“One, two, three, four,” I utter as I count the number of people hitting me on the Brooklyn Bridge. Before you get too scared, I am on the pedestrian walkway, high above the roaring traffic below. These little brushes with my fellow walkers aren’t so damaging to me physically but perhaps emotionally. I often hear the words “wonderful” and “pleasant” used to describe the journey across the Brooklyn Bridge. And as I met a teen face to face on the Brooklyn Bridge, one of those who at a crowded mall at the holidays lets oncoming pedestrian traffic move for them, we collided somewhere over the East River.
What no one tells you about the Brooklyn Bridge is that it can literally drive you mad, something I imagine remains eerily connected to its rather dark history. A white line divides the two sides of the pedestrian platform, one side for bikers and one for those on foot. And those little sections are divided themselves with giant arrows pointing where you should be on your side, depending on if you are coming into Manhattan or leaving it. And below all of this commotion are cars, trucks and vans gliding on by at speeds I don’t want to know from up here.

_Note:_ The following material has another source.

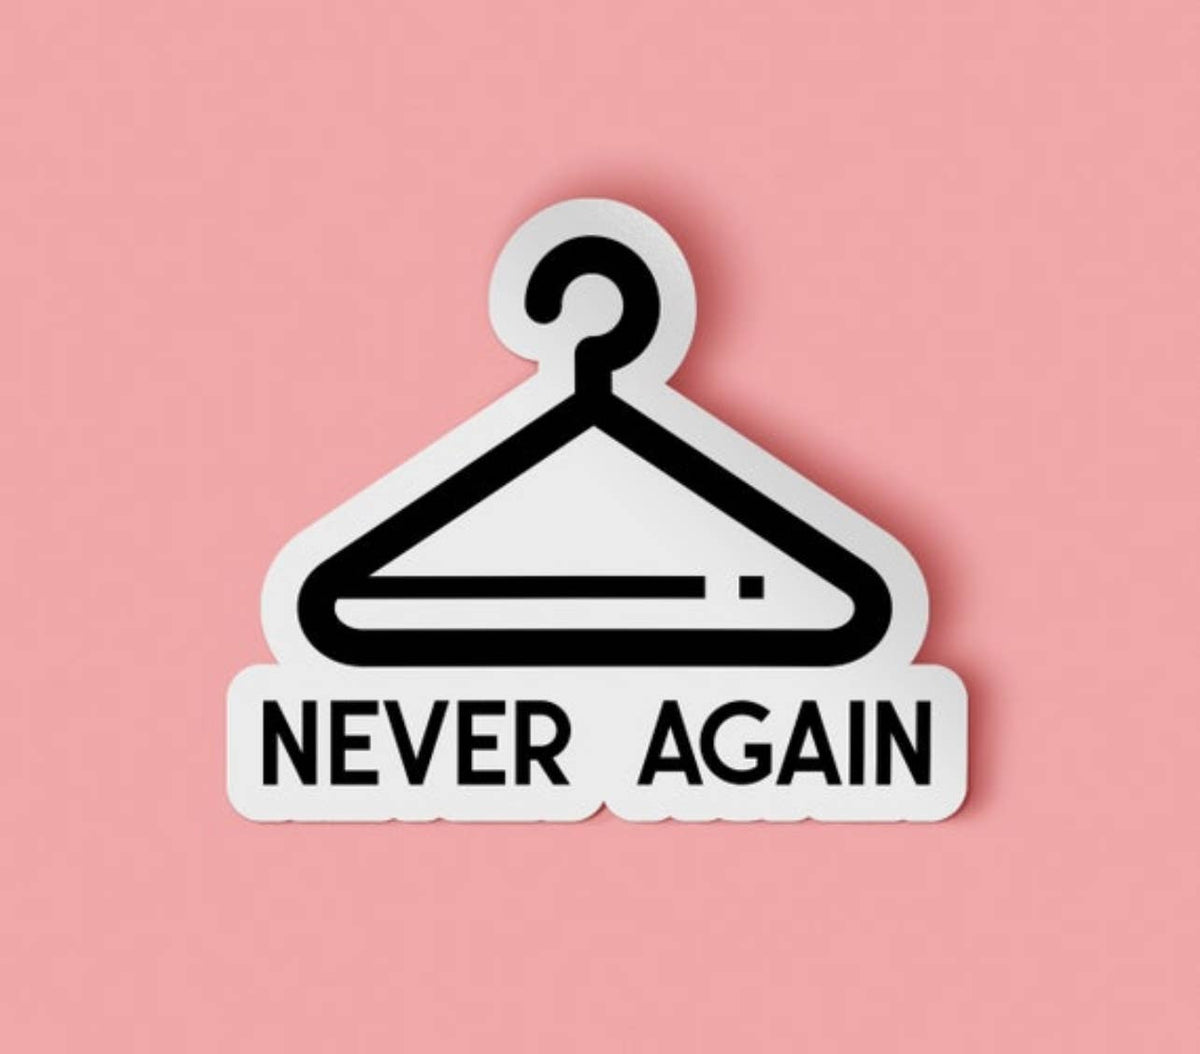 Coat Hanger Abortion Sticker Pro Choice Reproductive Rights

I am not a rule breaker. I stay inside the lines of the coloring book like the best of them. However I have my limits. On the Brooklyn Bridge, you must fight for your right to stay alive. I can see that teen I will later collide with up ahead. The whole group of four has now spanned the entire walk lane, hording over both sides of traffic. They are even overflowing into the bike lines. As bikes come whizzing past, a tourist could very well go down in this moment and I hold my resolve. I won’t become a statistic on this bridge. And with a boom and a teenage hairy eyeball, I stay on my lane and my side, all to survive this bridge.
My struggles on the Brooklyn Bridge are truly minor compared to those who built the connector between Manhattan and Brooklyn. Over a hundred workers were paralyzed while working on the bedrock 44 feet below. At least two dozen died in fires, explosions and collapses while building the Brooklyn Bridge. Even the own bridge’s creator, John Augustus Roebling never got to see his design come to fruition. Roebling died in a freak accident days before construction began. His son Washington would take over until he too would experience caisson disease due to working on the bedrock. His wife Emily would help communicate Roebling’s vision. She would also be the first to ride over the bridge when it opened on May 24, 1883.
I guess I had visions of the Brooklyn Bridge being a somewhat romantic experience. Coming from one land to another via an 1883 construction has a certain ring to it. It is also mere poetry to traverse a landmark that would in essence change New York forever. And yet, I can’t enjoy it completely. With each passing step, there is another group that takes over the walkway and the bike path. Luckily for the bikers they have bells to ring to get these saunters to move. I need a bell to keep sane.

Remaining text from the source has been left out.